A farmer buys 3 cows, 2 goats, and 4 hens from a man who has 6 cows, 5 goats, and 8 hens.
How many ways the farmer choose his desired animals?
To determine the number of ways the farmer can choose his desired animals, we need to find the number of possible combinations for each type of animal.
For the cows:
The farmer can choose 3 out of the 6 cows. This can be calculated using the combination formula C(n, r), where n is the total number of cows and r is the number of cows the farmer wants to choose:
C(6, 3) = 6! / (3! * (6-3)!) = 20
For the goats:
The farmer can choose 2 out of the 5 goats:
C(5, 2) = 5! / (2! * (5-2)!) = 10
For the hens:
The farmer can choose 4 out of the 8 hens:
C(8, 4) = 8! / (4! * (8-4)!) = 70
To calculate the total number of ways the farmer can choose his desired animals, we need to multiply the number of combinations for each type of animal:
20 * 10 * 70 = 14,000
Therefore, there are 14,000 ways the farmer can choose his desired animals.

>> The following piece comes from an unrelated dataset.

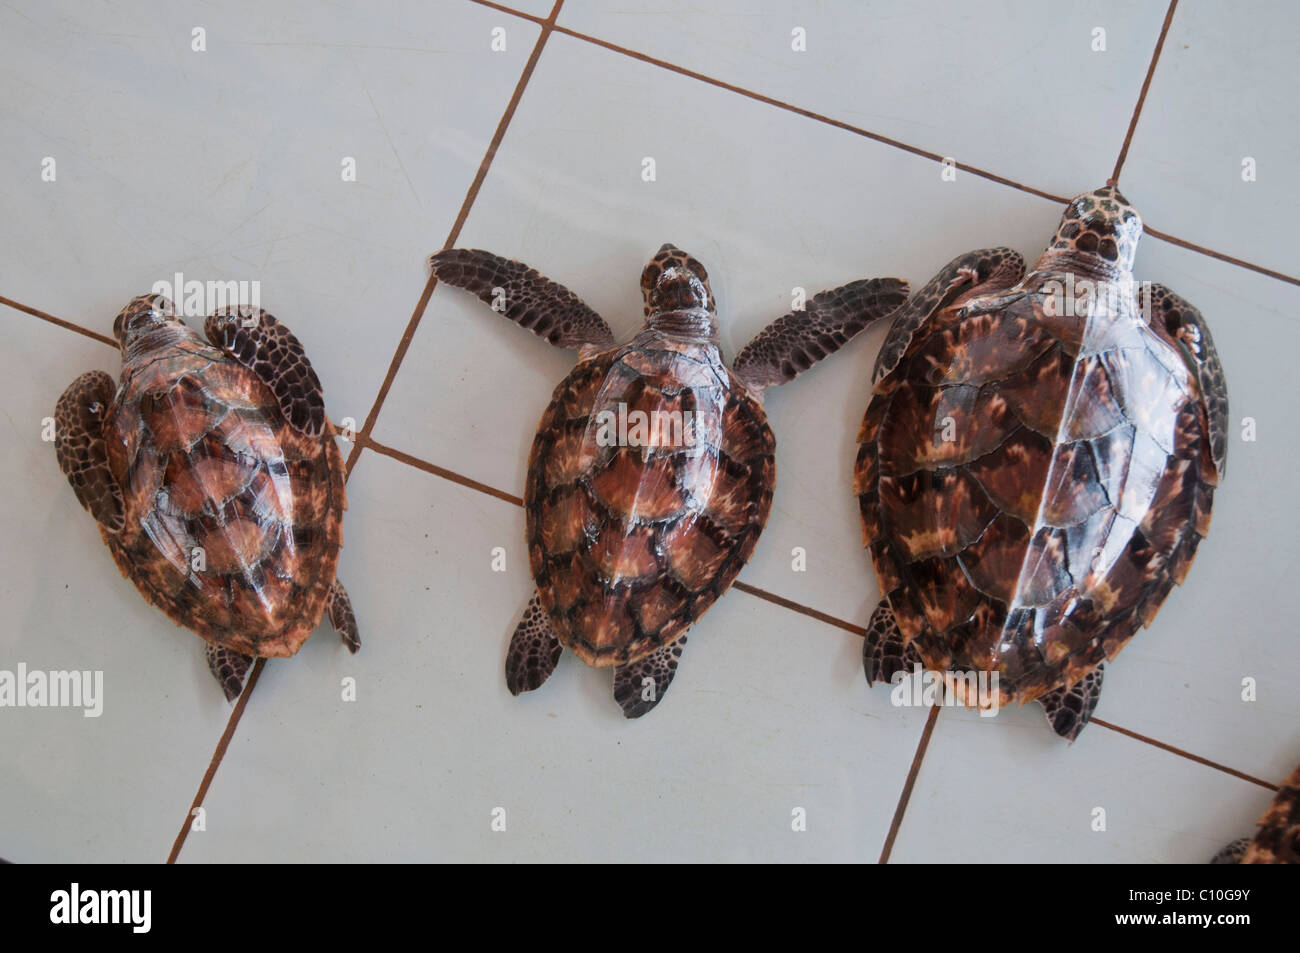 Bébé tortues caouannes dans un sanctuaire des Tortues sur Gili Trawangan en Indonésie Banque D'Images

To determine the number of ways the farmer can choose his desired animals, we need to calculate the number of combinations of cows, goats, and hens that the farmer can select.
The farmer can choose 3 cows from a pool of 6 cows in 6C3 ways.
The farmer can choose 2 goats from a pool of 5 goats in 5C2 ways.
The farmer can choose 4 hens from a pool of 8 hens in 8C4 ways.
To find the total number of ways, we multiply the number of ways for each selection:
6C3 * 5C2 * 8C4
Now, let's solve each term step-by-step:
6C3 = 6! / (3! * (6-3)!) = 6! / (3! * 3!) = (6 * 5 * 4) / (3 * 2) = 20
5C2 = 5! / (2! * (5-2)!) = 5! / (2! * 3!) = (5 * 4) / (2 * 1) = 10
8C4 = 8! / (4! * (8-4)!) = 8! / (4! * 4!) = (8 * 7 * 6 * 5) / (4 * 3 * 2 * 1) = 70
Now, multiply these three terms together:
20 * 10 * 70 = 14,000
Therefore, the farmer can choose his desired animals in 14,000 different ways.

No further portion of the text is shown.